▸ **WHAT NEEDS TO BE DONE**: Nothing below is to be printed except the lines between the line holding "AB Today – Daily Report January 18, 2019" and the line holding "Woman wearing a", inclusive, each exactly as it appears.

▸ **RECORDS TO PROCESS**:
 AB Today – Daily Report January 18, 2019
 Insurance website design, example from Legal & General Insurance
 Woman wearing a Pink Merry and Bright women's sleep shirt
--
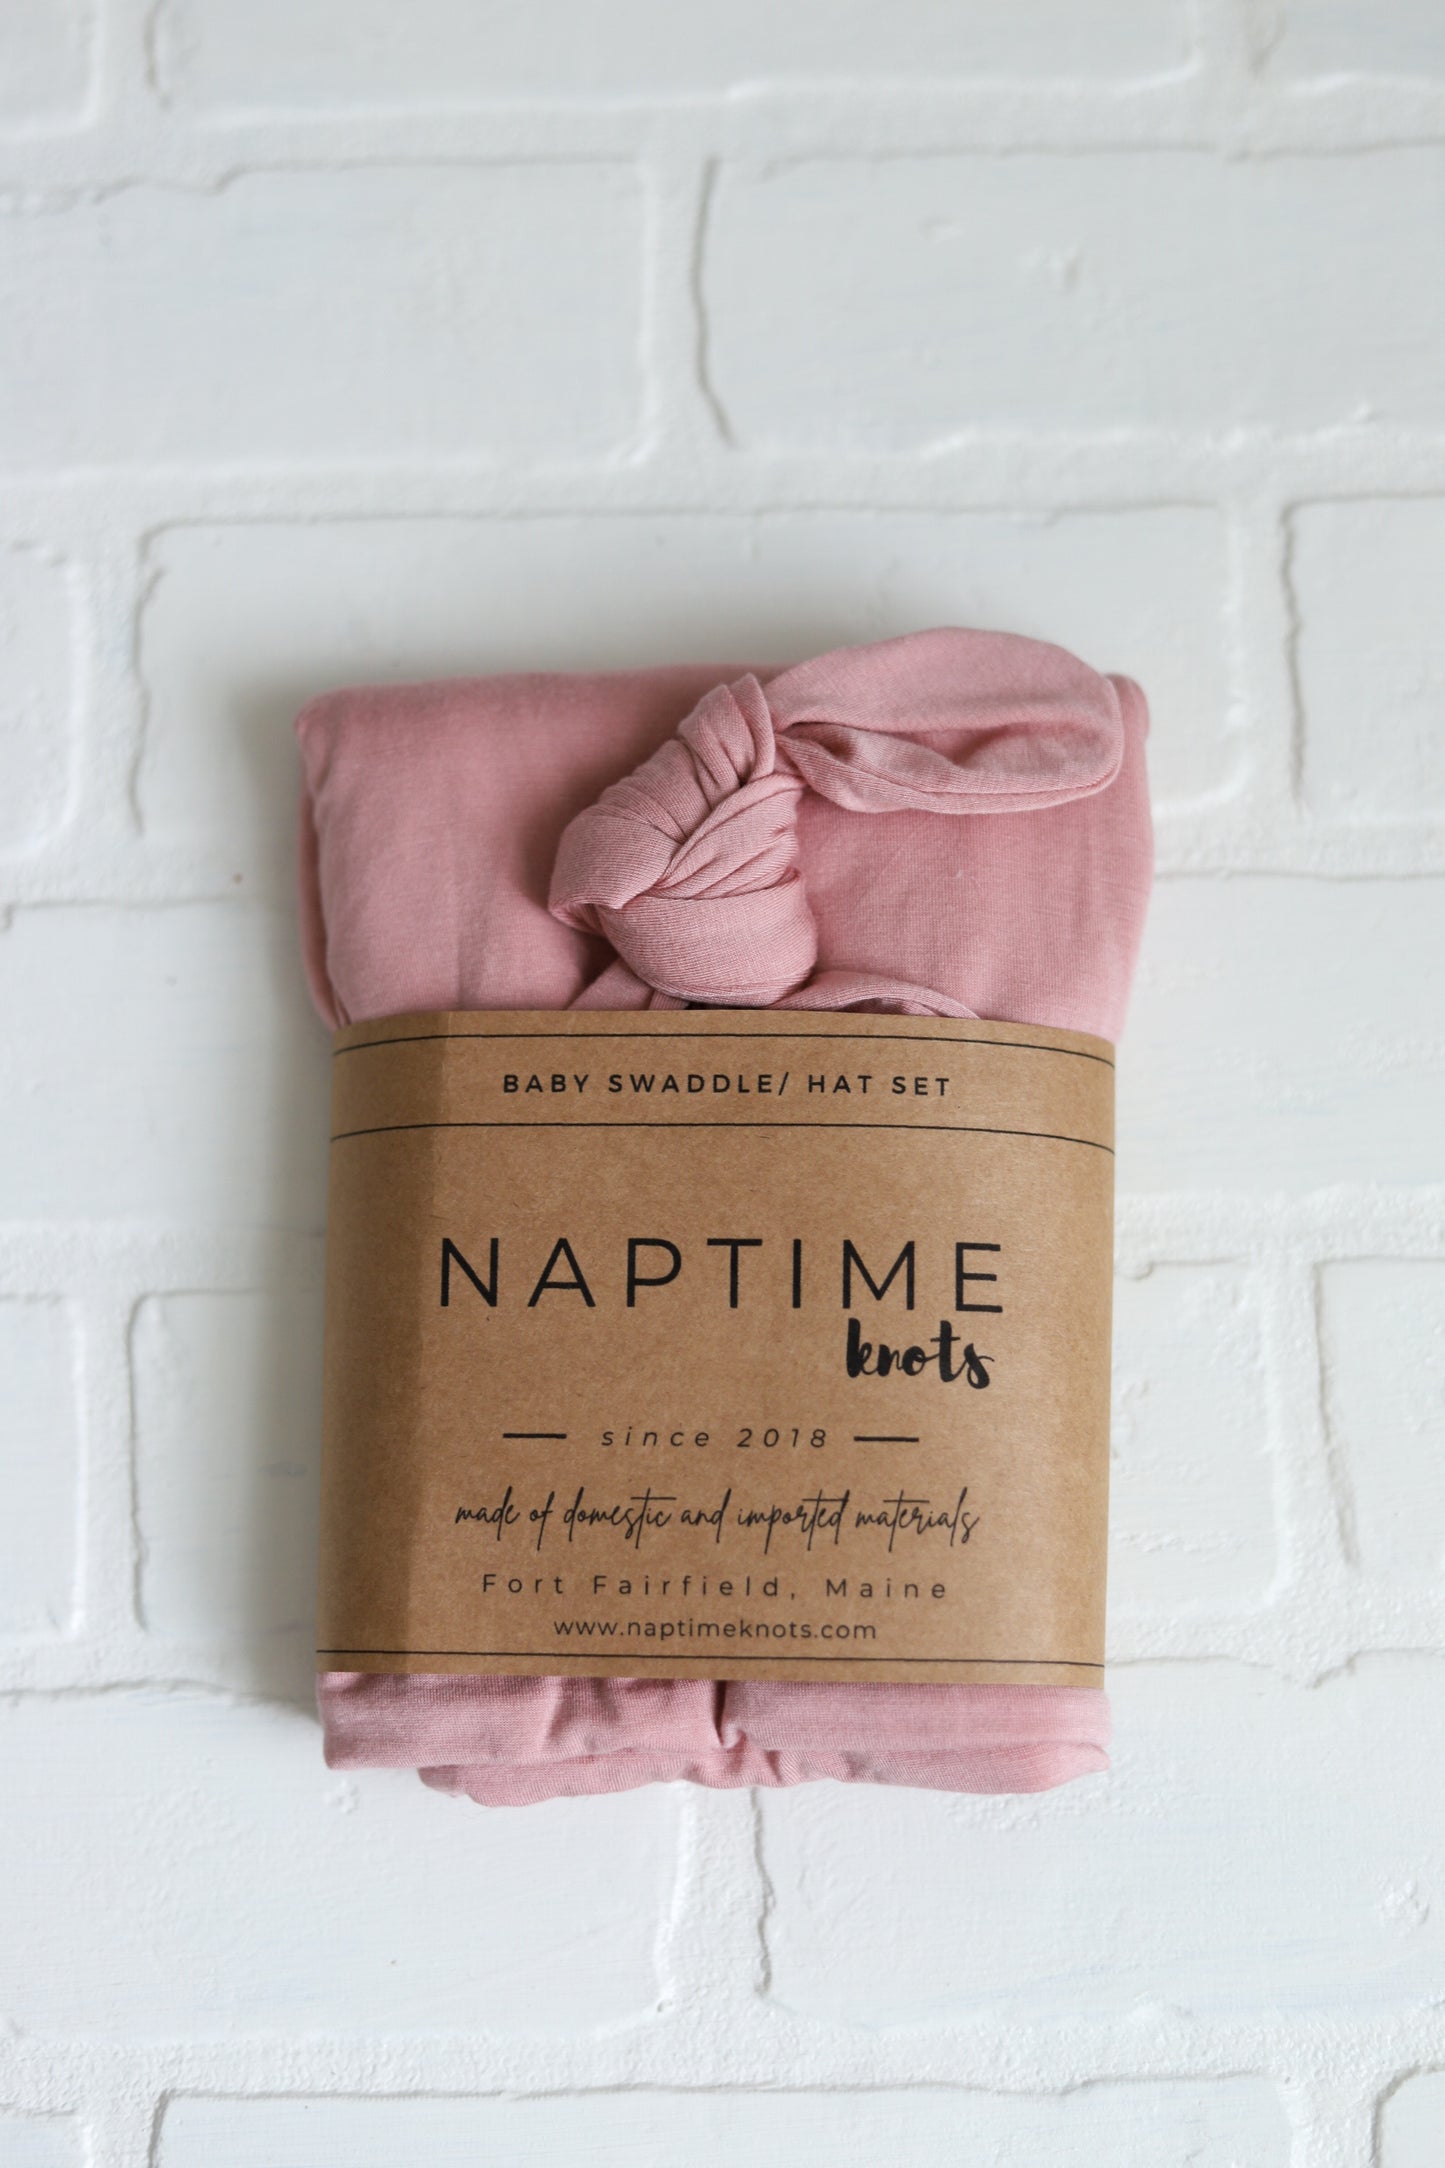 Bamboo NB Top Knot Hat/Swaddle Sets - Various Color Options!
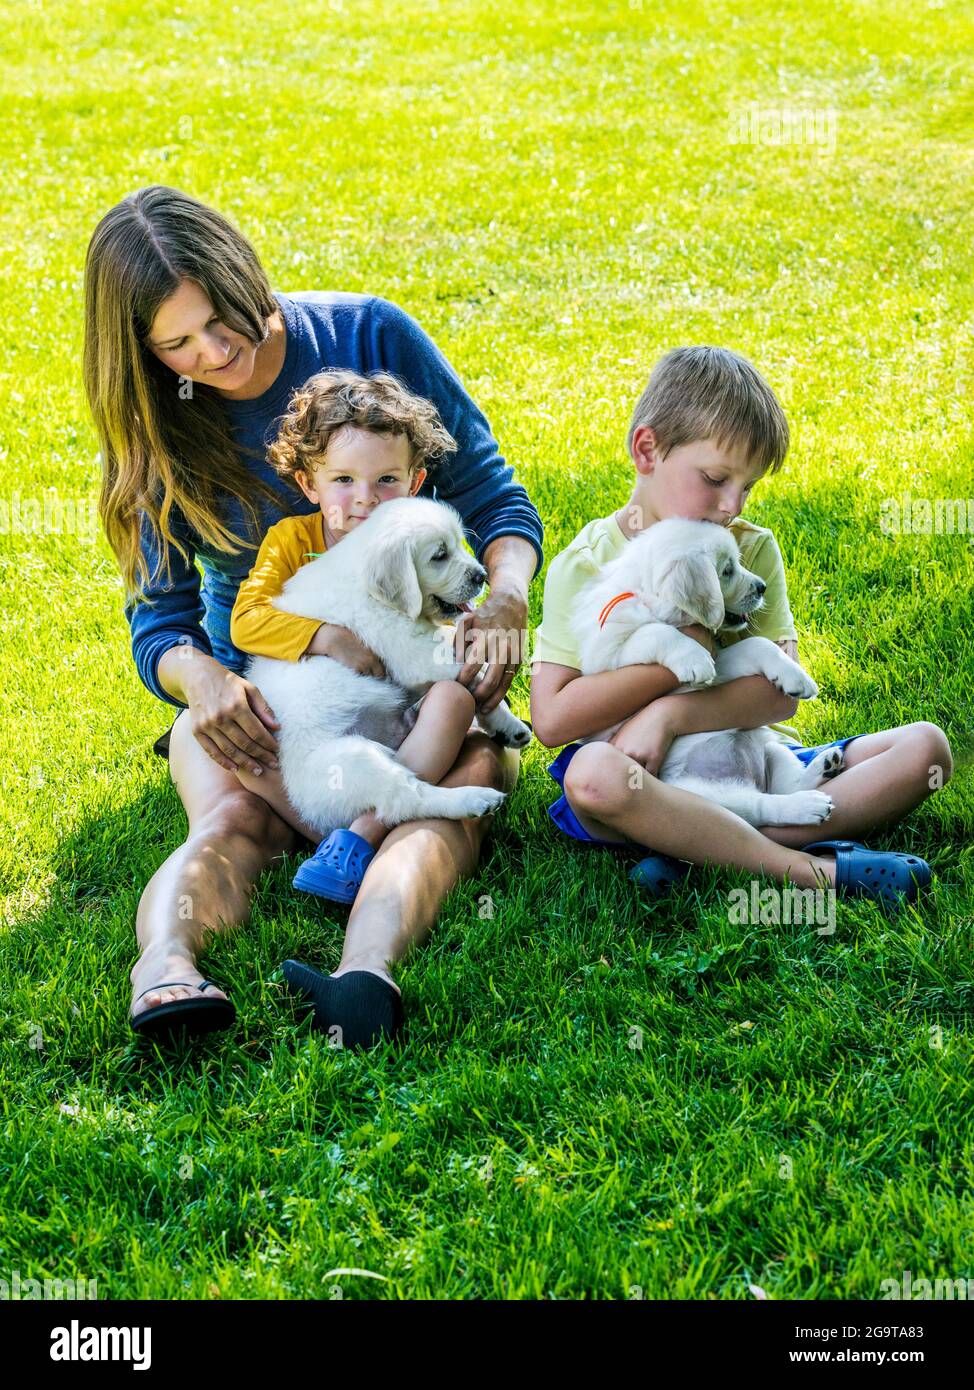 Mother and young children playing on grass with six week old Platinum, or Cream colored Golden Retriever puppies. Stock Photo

▸ **ANSWER FOR THIS EXERCISE**:
 AB Today – Daily Report January 18, 2019
 Insurance website design, example from Legal & General Insurance
 Woman wearing a Pink Merry and Bright women's sleep shirt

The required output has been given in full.